Daum Conviction Affirmed
The United States Court of Appeals for the District of Columbia Circuit affirmed the conviction of a well-known D.C. criminal defense attorney but reversed the conviction of one of his investigator co-defendants as a result of the prosecutor’s Brady violation.
In multiple respects, these appeals concern the duties owed to the court by lawyers and their legal teams. Appellants are a criminal defense attorney and two legal investigators who were convicted in 2012 of breaching those duties by fabricating evidence and suborning perjury during a 2008 trial in which they represented another individual as defendant. Such conduct tears at the fabric of our system of laws.
But these appeals challenge prosecutorial misconduct that is likewise inimical to justice. Specifically, two Appellants argue for reversal of their convictions based on the Government’s undisputed breach of its obligation to timely turn over exculpatory evidence. See Brady v. Maryland, 373 U.S. 83 (1963). We agree with Appellant Daaiyah Pasha that but for the Brady deficiency, there is a reasonable probability of a different outcome in her case. We therefore direct a new trial for Daaiyah Pasha, with appropriate remedies to cure the damage caused by the Government’s delayed disclosure.

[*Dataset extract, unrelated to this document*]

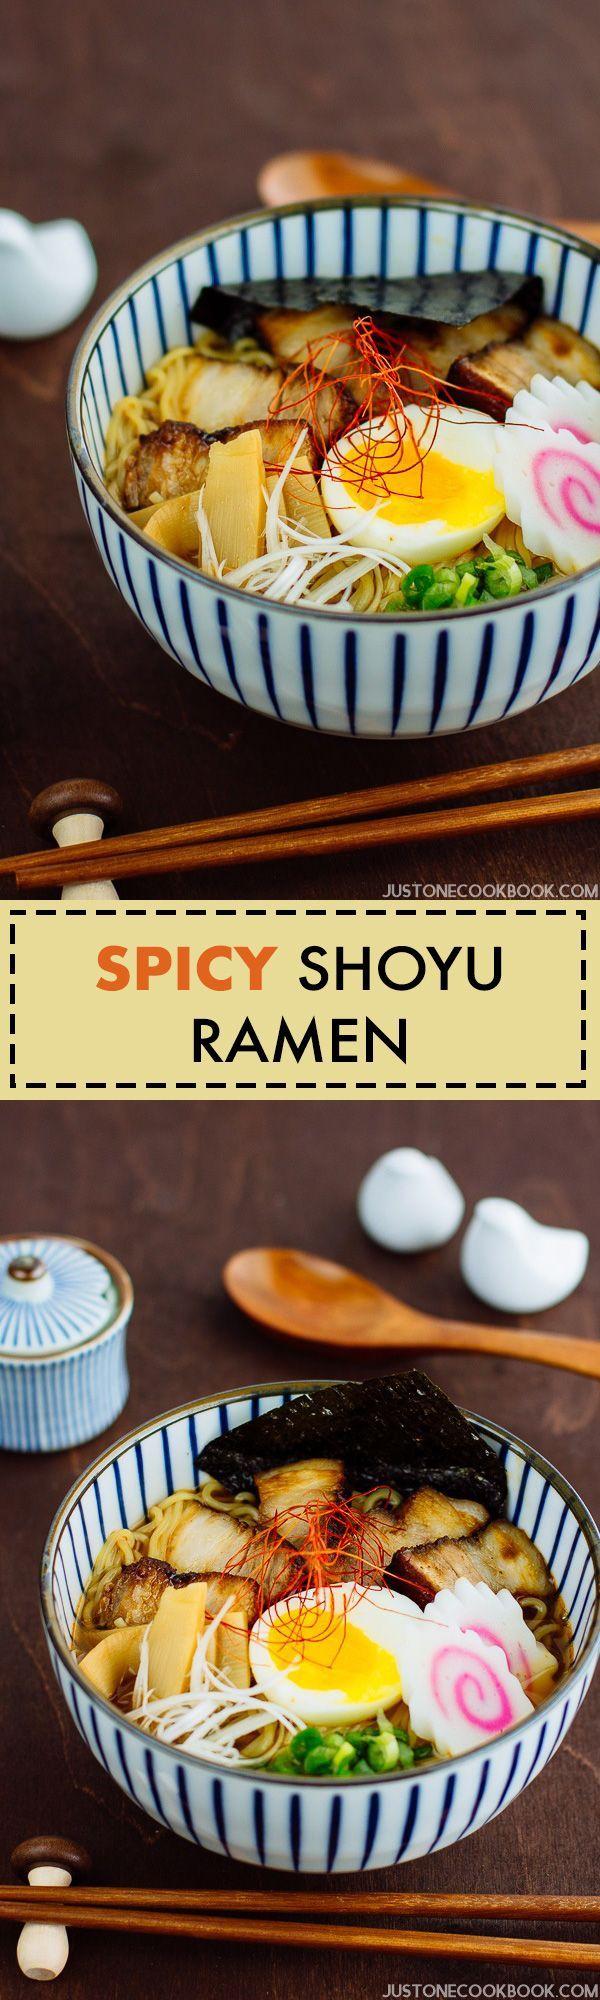 Spicy Shoyu Ramen スパイシー醤油ラメーン | Easy Japanese Recipes at JustOneCookbook.com

We do not, however, agree with Appellants Charles Daum and Iman Pasha on the challenges they raise, and so we affirm their convictions.
The attorney represented a defendant in a cocaine distribution trial and withdrew after the client threatened him.
Following a two-year investigation, the Government charged Daum, Iman, and Daaiyah with conspiracy to obstruct justice; Daum alone was also charged with witness tampering, fabricating evidence, and suborning perjury in the 2008 trial. The factual crux of the allegation was that Appellants had staged a photo shoot a few weeks before the trial to support a defense that key evidence attributed to Delante White actually belonged to his brother Jerome White.
The court rejected Daum’s claim of duress.
But as to the disclosure issue
The first two components of a Brady violation are certainly present here. A prosecutor in this case was personally present at an interview in which a witness gave a scene-of-the-crime account that, if credited, would contradict the identity of at least one of the Pasha Defendants in this case. The prosecutor waited over eight months until the eve of trial to reveal this information. As the District Court explained, this delay was inexcusable: At the moment the eyewitness said the two individuals who arrived at the photo shoot were a man and a woman (rather than two women), “counsel for the Government should have understood that as soon as they were finished talking with that gentleman, they had an obligation to give that information to the defense.”
The court found the late disclosure to be prejudicial to one of the two investigators.
The Washington Post reported that the case against Daum “rocked the District’s legal community.”